The challenge now, for Kohnen and his industry colleagues, will be marketing these trips in such a way that addresses misconceptions without stoking fears of future disasters.
The Future Will Bring Yacht-Sub Hybrids
In what may be very good news for the industry, the next generation of personal submersibles is doubling down not on extreme exploration but extreme luxury. SEAmagine is expecting delivery in January of its ultra-high-end Aurora-90 five-seater, after it undergoes sea trials in October. With a 90-inch viewing sphere, it will have a roomier passenger cabin that will feel properly upscale, with leather seating, an interior sound system and air-conditioning.
Further off is the €25 million Nautilus underwater superyacht from U-Boat Worx, for which only renderings currently exist. Construction will begin when an order is placed and is expected to take 30 months. This yacht-sub hybrid will have all the swish features of a luxury boat, including a bar, Jacuzzi, sundeck and a swimming platform that’s accessed at sea level. True to its name, this will be a proper yacht—albeit one capable of traveling 500 feet underwater.
For his part, Kohnen hopes one thing is clear about the tragedy that unfolded near the Titanic wreck: It wouldn’t have happened if OceanGate had adhered to the standards that the rest of the industry follows.

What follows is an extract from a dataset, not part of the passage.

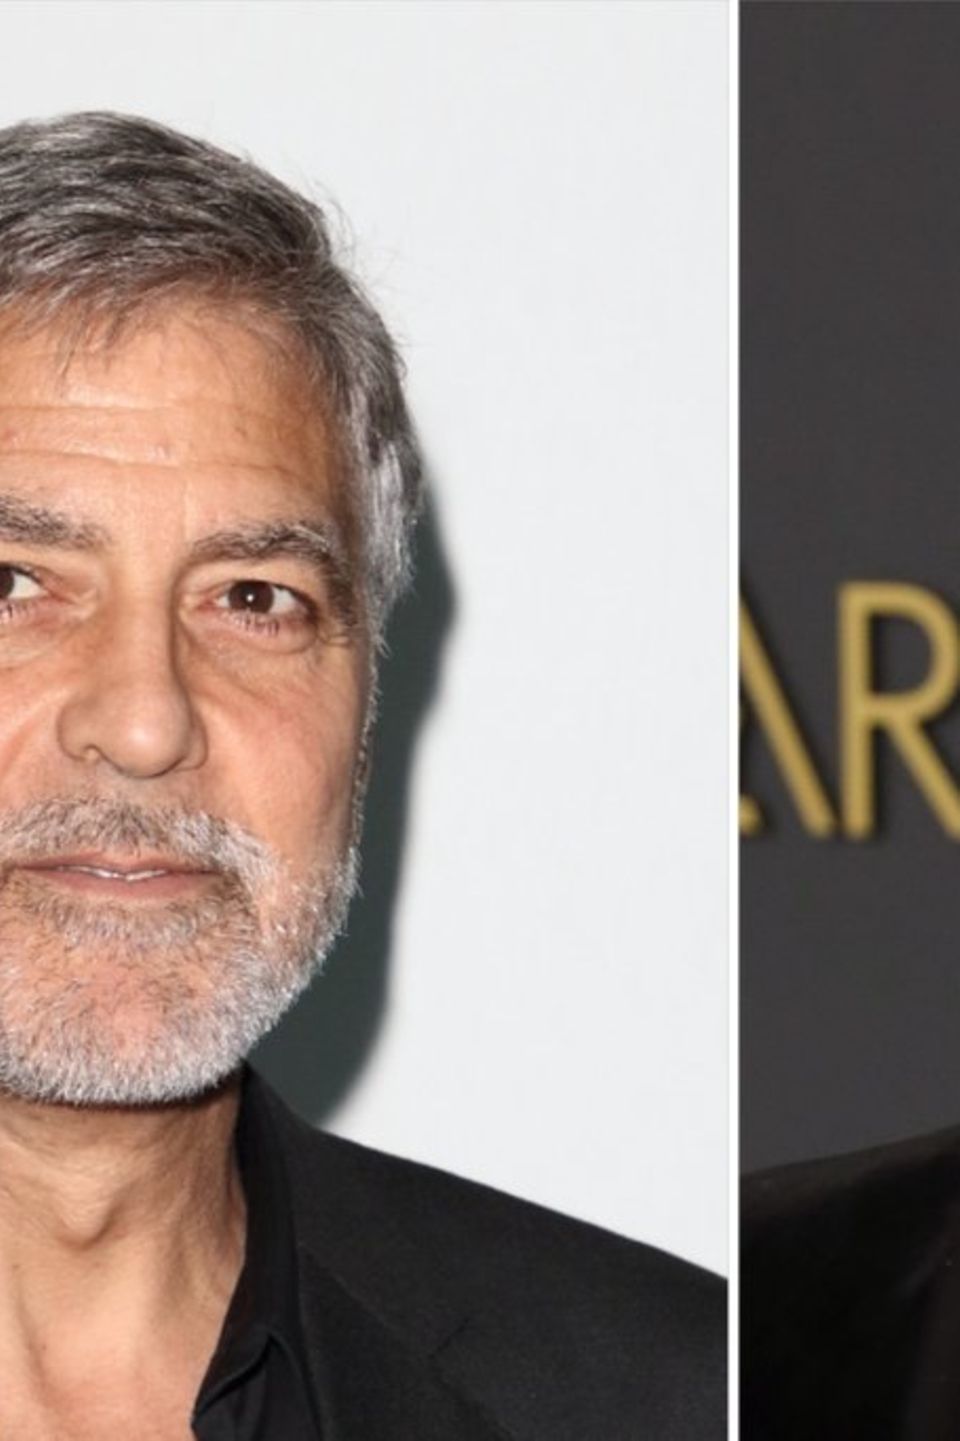 George Clooney (l.) und Brad Pitt stehen für den neuen Actionthriller "Wolfs" wieder gemeinsam vor der Kamera.
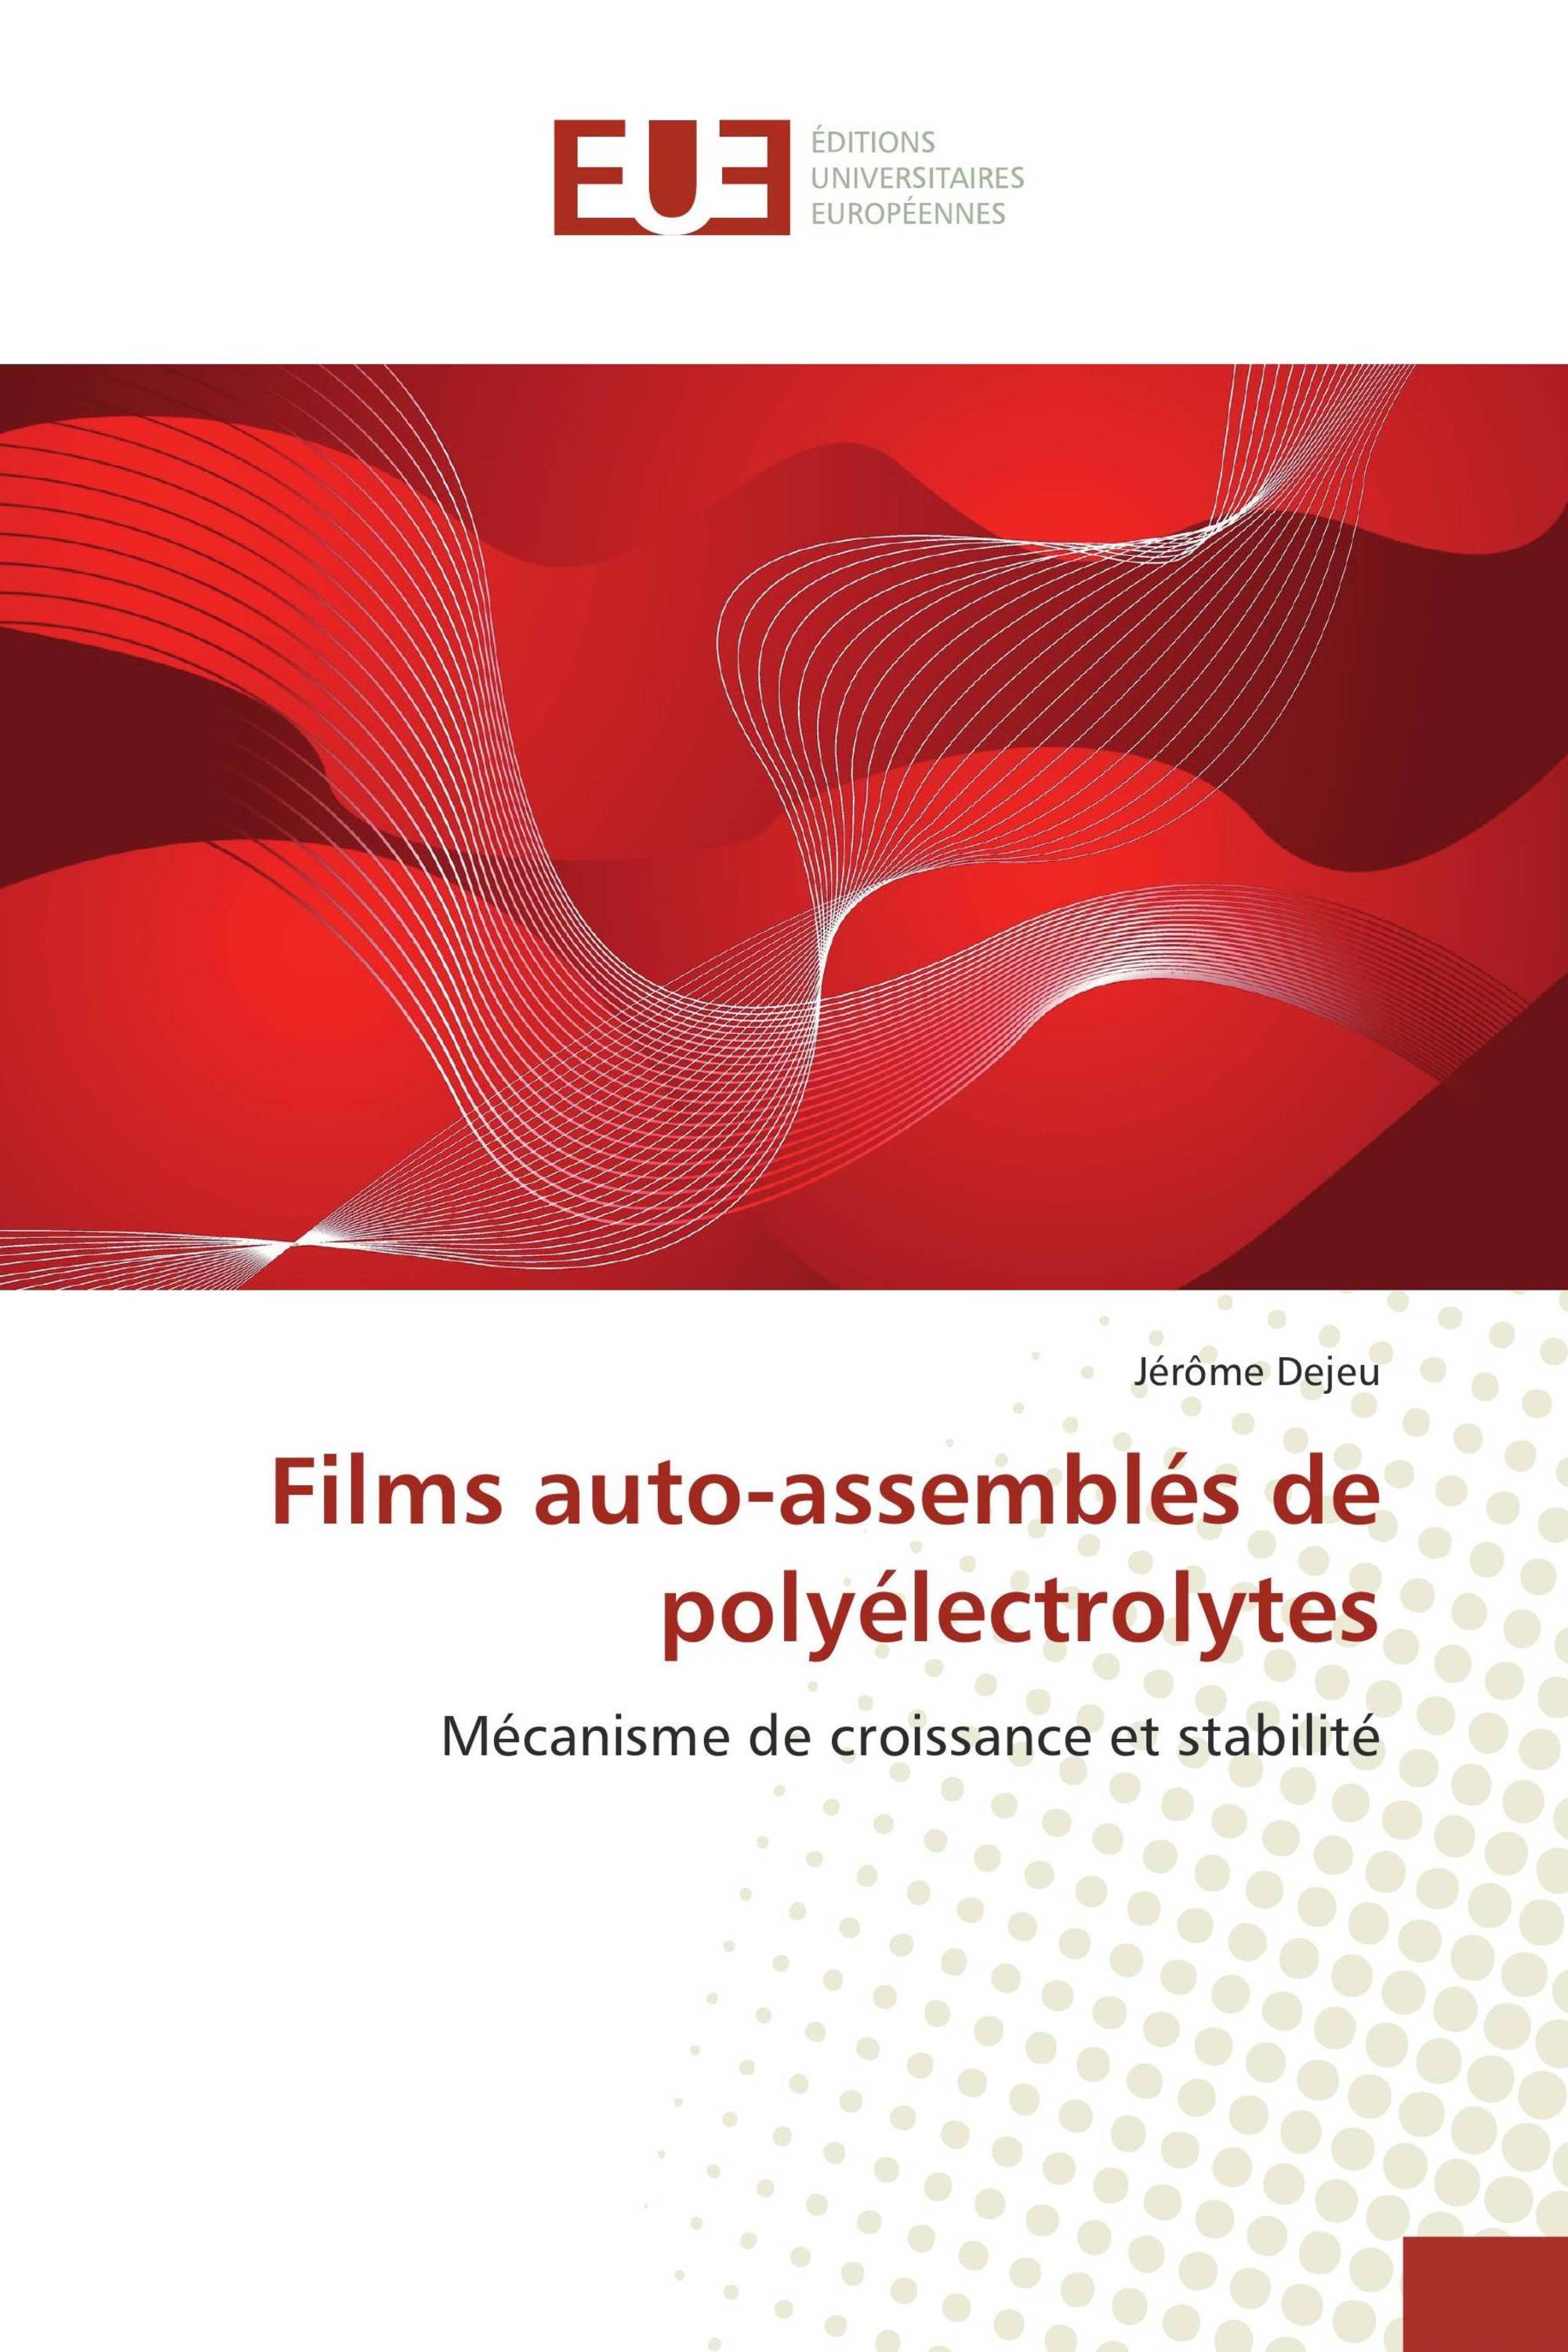 Films auto-assemblés de polyélectrolytes

In 2018, in fact, his brother William Kohnen, chair of the US Marine Technology Society’s Manned Underwater Vehicles Committee, addressed a letter to OceanGate’s late chief executive officer with a prescient warning.
“The MUV industry has earned itself an enviable safety track record over the past 40 years,” he wrote, crediting “the collective observation of (and adherence to) a variety of safety standards.” If these were disrupted, he continued, it could “have serious consequences for everyone in the industry.”
Charles Kohnen adds that plenty of vessels have been capable of making the journey deeper than 4,000 meters—with proper standards.
“It’s not that we’re pushing the boundary of technology,” he explains. “This whole thing was 100% avoidable.”